If there exists $\displaystyle r,s \in K$ such that $\displaystyle d(f(r),f(s))>d(r,s)$, then there exists $\displaystyle t,u \in K$ such that $\displaystyle d(f(t),f(u))<d(t,u)$.

**Proof: **Suppose not and $\displaystyle \forall x,y \in K

$, $\displaystyle d(f(x),f(y)) \ge d(x,y).$ Define a sequence $\displaystyle (f_n)$ as follows:

$\displaystyle f_1=f$

$\displaystyle f_2=f\circ f$

$\displaystyle \vdots$

$\displaystyle f_n=f \circ f_{n-1}$

$\displaystyle \vdots$

Since we have for $\displaystyle x,y \in K$, $\displaystyle d(f(x),f(y)) \ge d(x,y)$, then $\displaystyle d(f_n(x),f_n(y)) \ge d(x,y).$ Since $\displaystyle K$ is a compact metric space, it is sequentially compact, so the sequence $\displaystyle (f_n(x))$ has a Cauchy subsequence $\displaystyle (f_{n_j}(x))$. So for $\displaystyle \varepsilon > 0$ pick $\displaystyle m$ such that for $\displaystyle k \ge 1$

$\displaystyle d(f_{n_{m+k}}(x),f_{n_m}(x)) < \frac{\varepsilon}{2}$

$\displaystyle d(f_{n_{m+k}}(y),f_{n_m}(y)) < \frac{\varepsilon}{2}$.

Then we 'go back' $\displaystyle n_m$ times to get

$\displaystyle d(f_{n_{m+k}-n_m}(x),x) \le d(f_{n_{m+k}}(x),f_{n_m}(x)) <\frac{\varepsilon}{2}$

$\displaystyle d(f_{n_{m+k}-n_m}(y),y) \le d(f_{n_{m+k}}(y),f_{n_m}(y)) <\frac{\varepsilon}{2}$.

Therefore,

$\displaystyle d(f(x),f(y)) \le d(f_{n_{m+k}-n_m}(x),f_{n_{m+k}-n_m}(y))$

$\displaystyle \le d(x,y)+d(f_{n_{m+k}-n_m}(x),x)+d(f_{n_{m+k}-n_m}(y),y)$

$\displaystyle <d(x,y)+\varepsilon $,

and since $\displaystyle \varepsilon$ is arbitrary, $\displaystyle d(f(x),f(y))< d(x,y)$, a contradiction.

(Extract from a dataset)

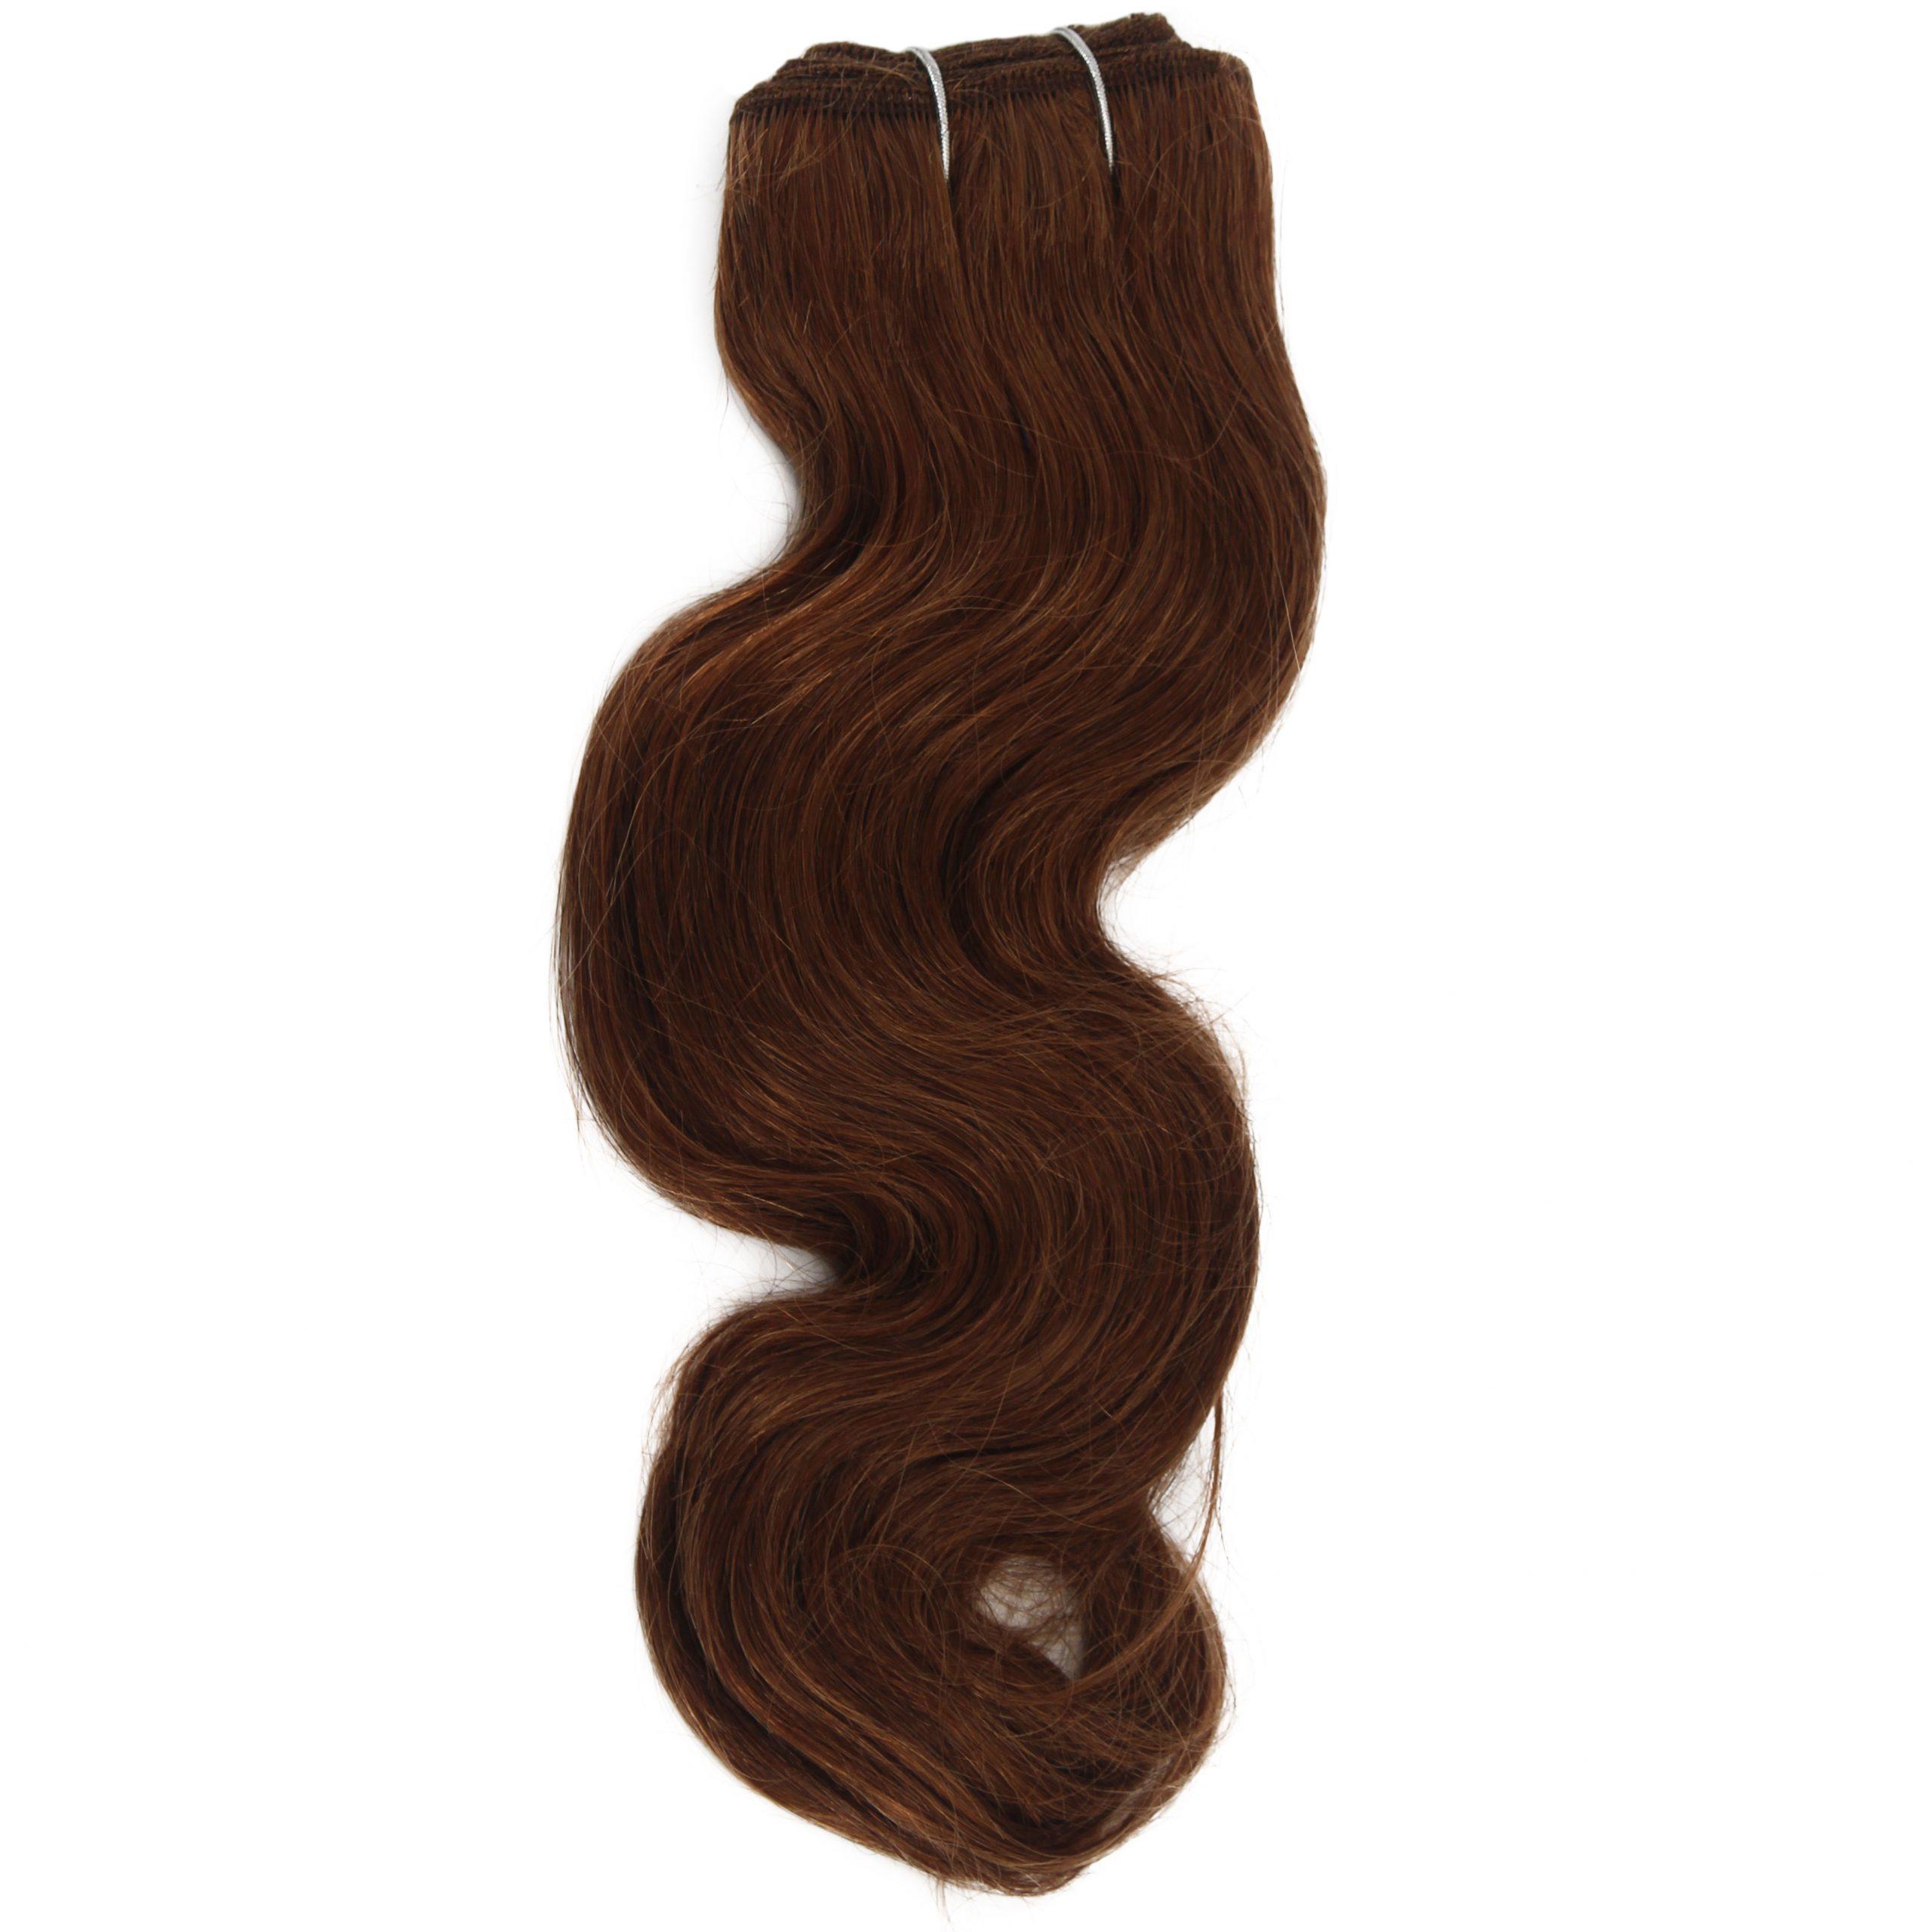 BODY WAVE 100% HUMAN HAIR 8 Inch - 30
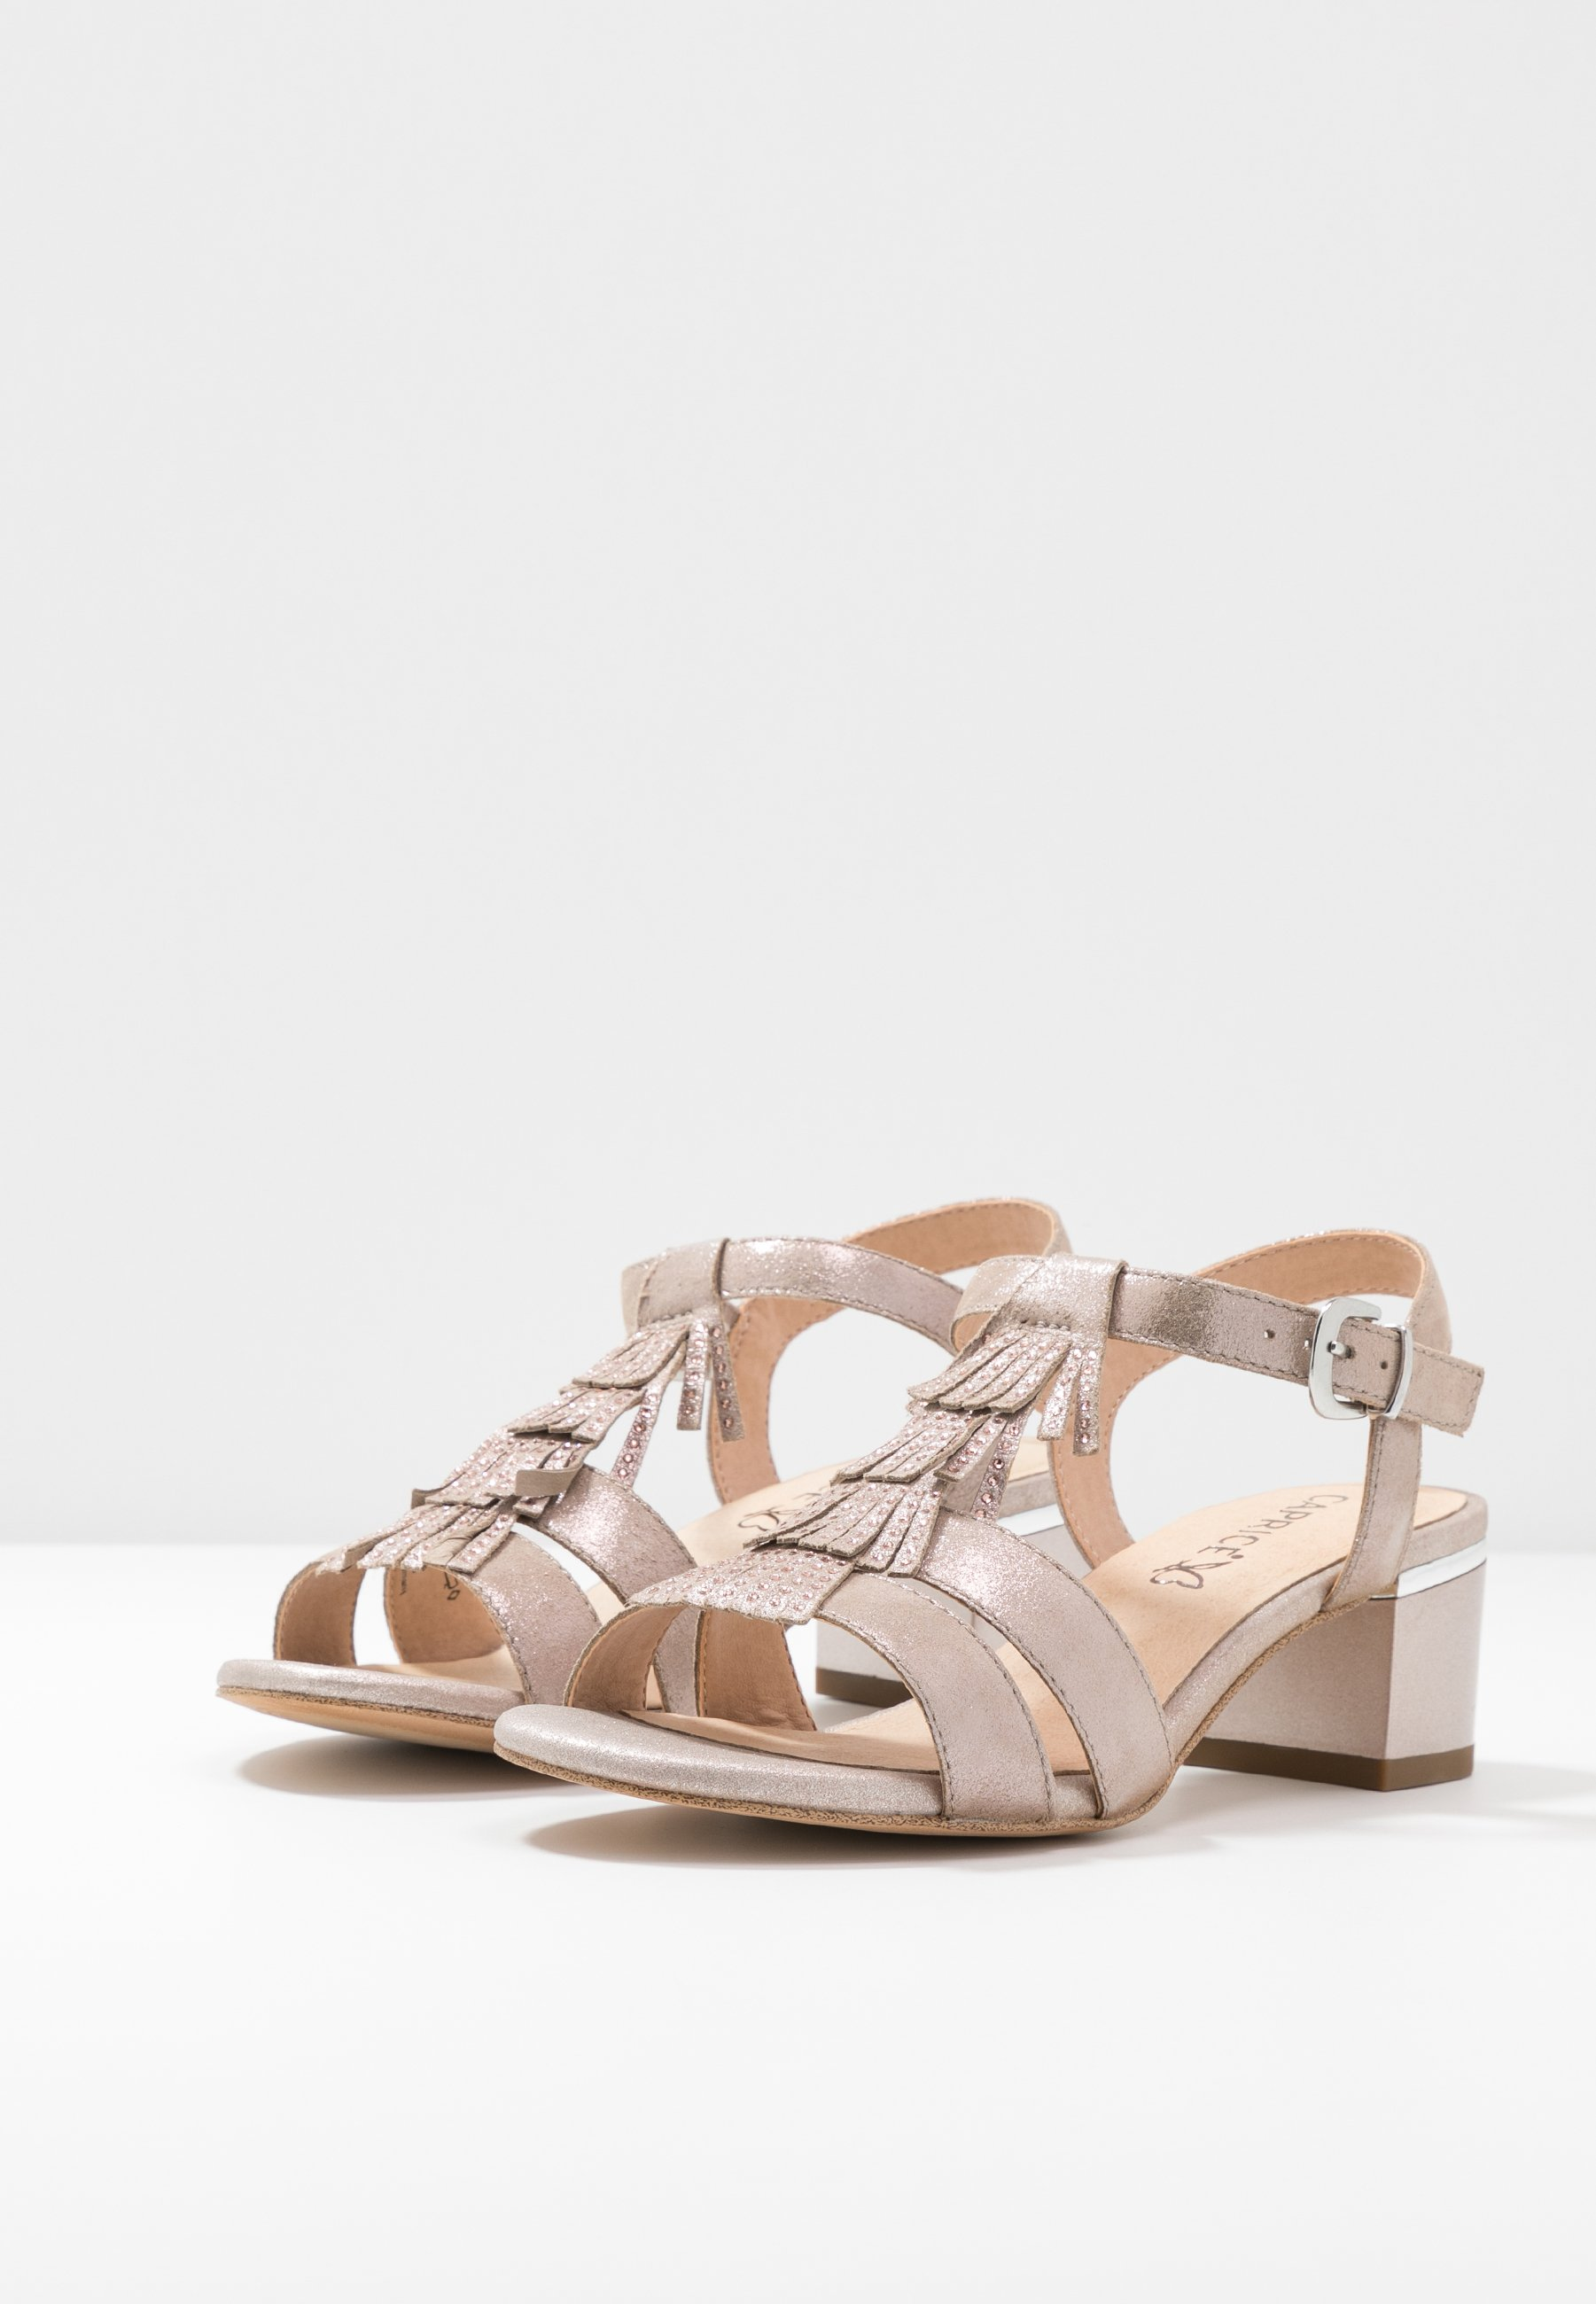 Caprice Sandales - taupe metallic

**(b)** Since $\displaystyle f$ is an isometry, it is clearly injective and continuous. If $\displaystyle C \subseteq K$ is closed, then it is compact. Therefore, $\displaystyle f(C)$ is compact, which implies that $\displaystyle f(C)$ is closed ($\displaystyle K$ is Hausdorff).

Suppose $\displaystyle f$ is not surjective. Then let $\displaystyle x_0 \in K-f(K)$. Since $\displaystyle f(K)$ is closed, $\displaystyle K-f(K)$ is open. Then for $\displaystyle \varepsilon >0, \, \, B_{\varepsilon}(x_0) \subseteq K-f(K)$, so for $\displaystyle x \in f(K)$, $\displaystyle d(x_0,x) \ge \varepsilon$.

Define a sequence as follows:

$\displaystyle x_1=f(x_0)$

$\displaystyle x_2=f(x_1)$

$\displaystyle \vdots$

$\displaystyle x_n=f(x_{n-1})$

$\displaystyle \vdots$

and let $\displaystyle X_n=\{x_1,x_2,\dots , x_n\}.$ I claim that $\displaystyle d(x_i,x_j) \ge \varepsilon$ for $\displaystyle i \not= j$. Prove by induction.

Since $\displaystyle x_1 \in f(K)$, $\displaystyle d(x_0,x_1) \ge \varepsilon$. Suppose it's true for the elements of $\displaystyle X_n$ for $\displaystyle n \ge 1$. We must show that $\displaystyle d(x_i,x_{n+1}) \ge \varepsilon$ where $\displaystyle x_i \in X_n$. It's true for $\displaystyle i=0$ since $\displaystyle x_{n+1} \in f(K)$. If $\displaystyle i>0$, then $\displaystyle d(x_i,x_{n+1})=d(f(x_{i-1}),f(x_n))=d(x_{i-1},x_n) \ge \varepsilon$ since $\displaystyle x_{i-1},x_n \in X_n$. Let

$\displaystyle X=\bigcup_{n \in \mathbb{N}}X_n$.

Then $\displaystyle X$ is a discrete set. Since $\displaystyle X$ is an infinite set with no limit point, $\displaystyle K$ is not limit point compact, a contradiction.